Hi deflif007, I replied to your question by e-mail yesterday and said I would reply in more detail on the forums when I had the time. I wrote a post earlier to day, but for some reason it doesn’t seem to have been posted. Thanks for stepping in again, ! Great solutions as always. I’ll write a new post where I take 's suggestions into account.
Making a receive heal event in Unit_Parent is probably the way I would have done it myself. This is pretty flexible since you can easily add things like healing powers from other units etc. now that you have a dedicated event. You might not need to run it through the game mode, though. Something simple like this does the trick:
Here’s a quick .gif of it in action.
For this to work, you need to make sure that you have collision enabled properly, though. I would enable collision of the skeletal mesh of all units, set their object type to WorldDynamic and enable generate overlap events. Then set both the WorldDynamic collision of the skeletal mesh and your powerup to overlap. The default units don’t have collision enabled for performance reasons, but the impact is minimal unless you have vast amounts of units.

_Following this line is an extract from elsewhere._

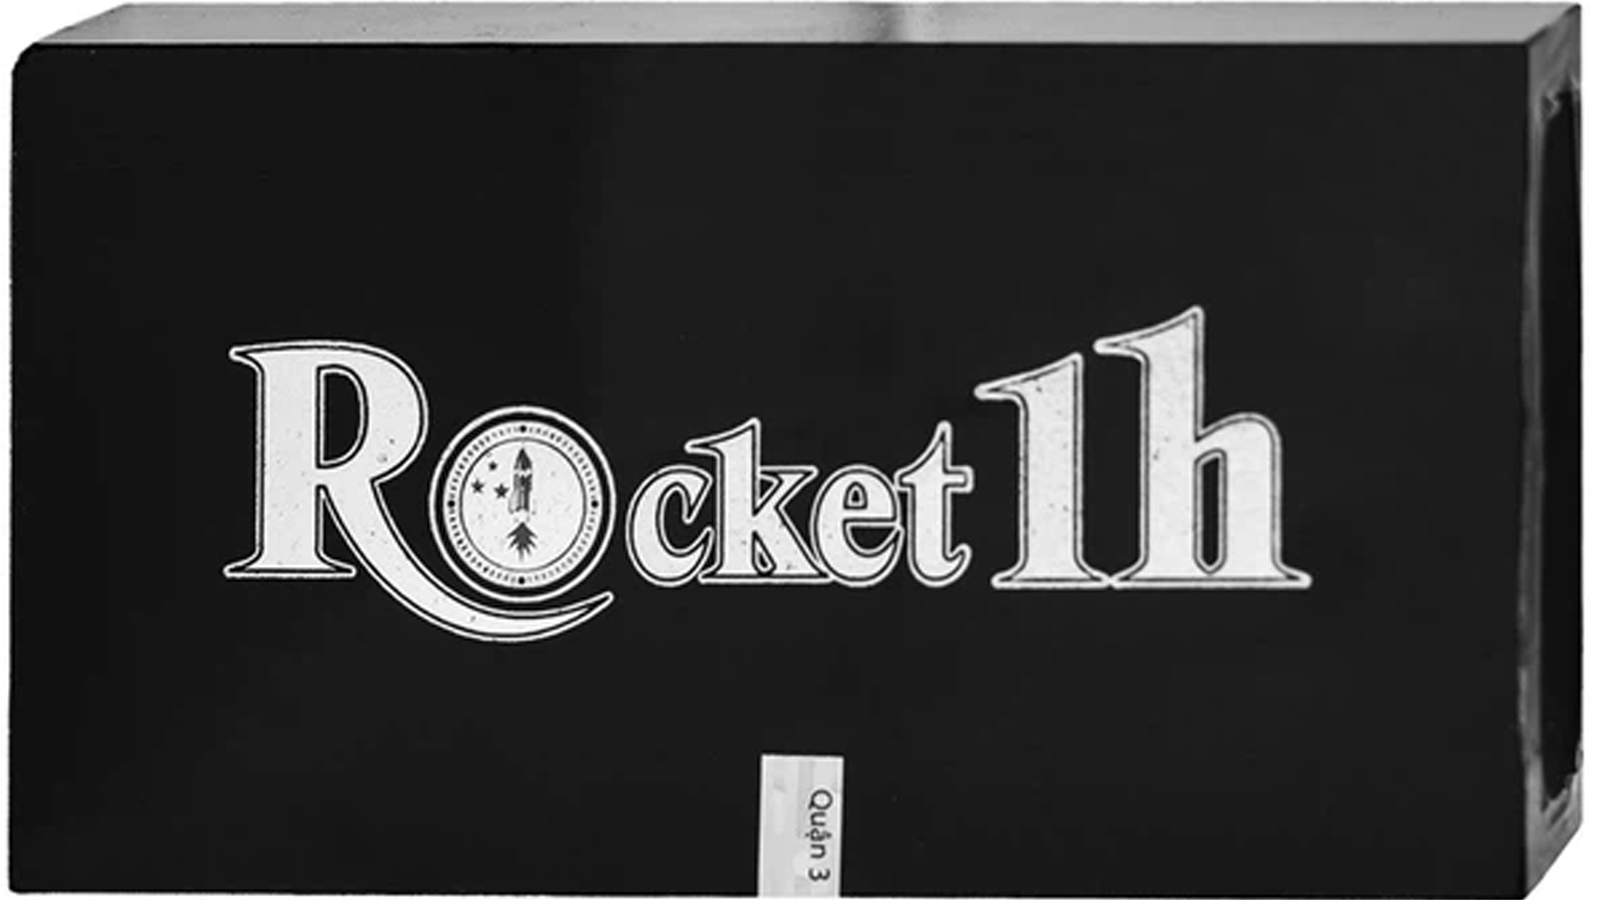 Rocket 1h được chiết xuất từ những thành phần nào?
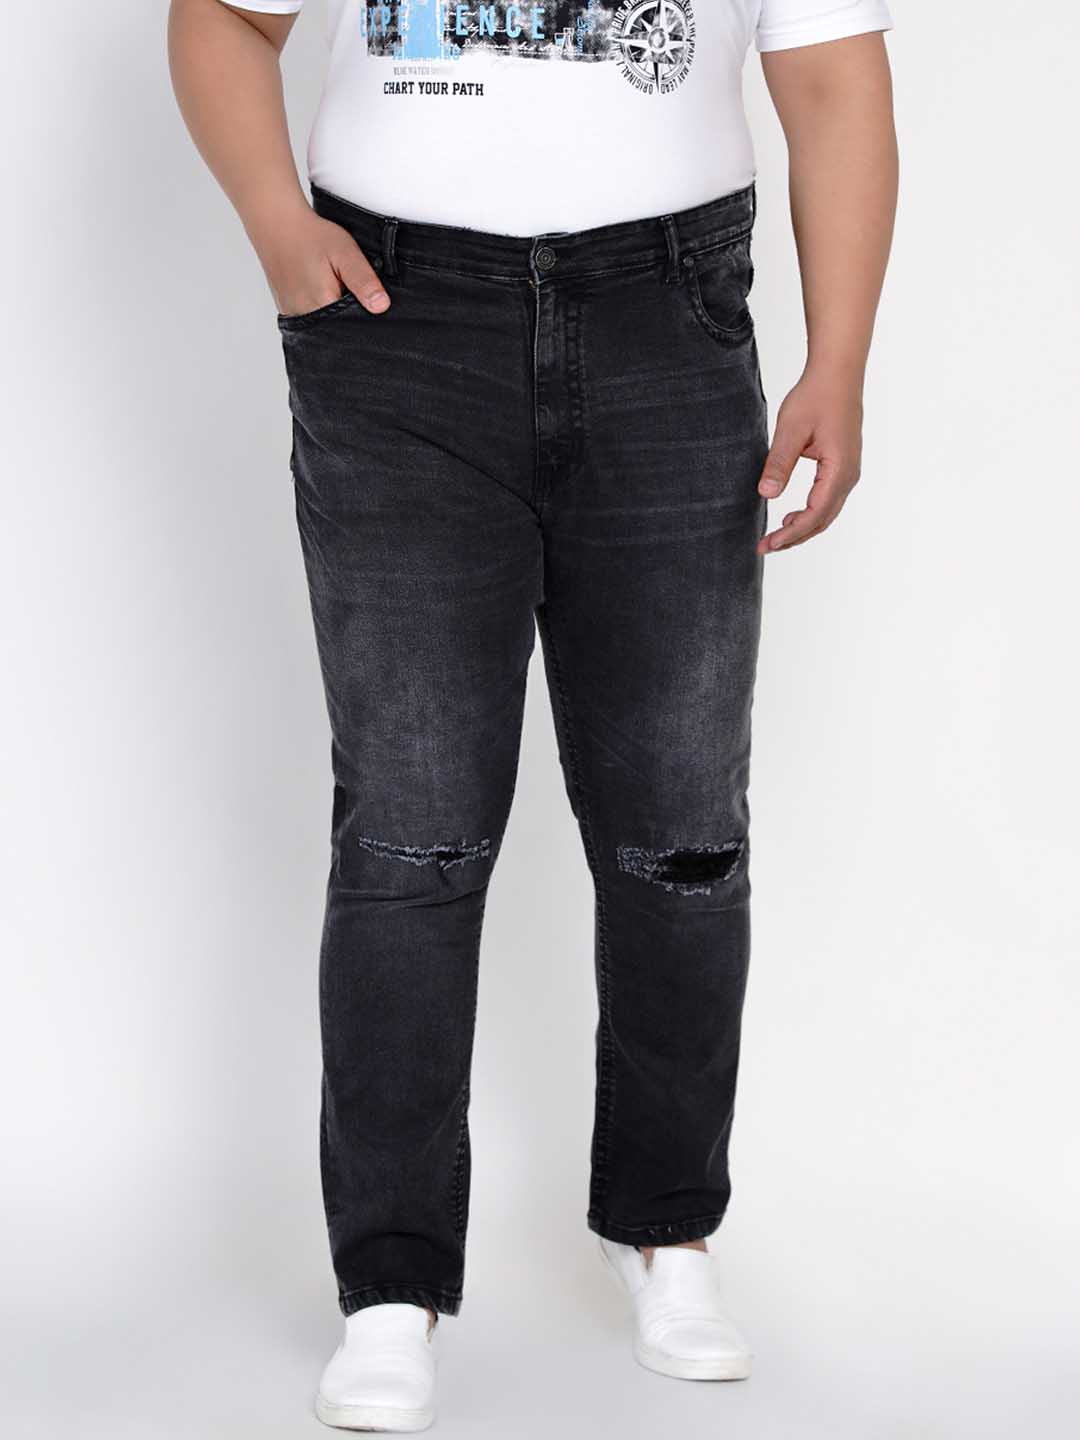 bottomwear/jeans/JPJ12125/jpj12125-1.jpg

For AI units dropping powerups you could again do something like suggested. You can again make it slightly simpler if you know that units will never be between tiles when they die (which never happens in the default toolkit), in which case you can simply spawn the powerup at the current location of the actor without running it through Index To Vector. It’s also generally advicable to get an index from the Vector Field Array instead of using the “Index to Vector” functions, as it is agnostic to the grid type.
As has mentioned and I mentioned in my e-mail, your third question is the trickiest bit by far. If you have a situation where you have complex terrain and multiple player to escape from you will need to know all possible paths for the next turn for all player units so that the AI can avoid them. This is not trivial to solve; especially if you want to avoid any drop in framerate. What I would probably do is to create a modified version of the Pathfinding function that initially adds the location of all player pawns within a reasonable distance of the AI to the open list. This way you would have a pathfinding that simultaneously spreads out from all candidate player units. You would run this for a fairly large move range (I think the movement range of the AI unit plus the movement cost between the AI and the closest player unit should be sufficient).
You would need this function to write to a different aray than CanMoveToArray so the two can be compared. The new array would function sort of like a threat map. You would then look at all locations that the AI can reach in one move from the CanMoveToArray and compare it to your new ThreatMap array. The AI should choose to move to the tile with the highest cost in the ThreatMap, as this would be the tile within the AI’s reach that takes the longest for all player units to reach. That’s the best solution I can think of currently. Like I said it’s a pretty tricky thing to do, and there might be much easier ways to fake it if you need a less generic solution for a few specific scenarios.
edit: The green ball is a float output. You can add it to the custom event in the details tab like so:
The second ball is a reroute node. You can place it by dragging out a float from an output and letting go anywhere in the graph editor. A dropdown appears where you can select “Add reroute node”. The third is a simple float / float node.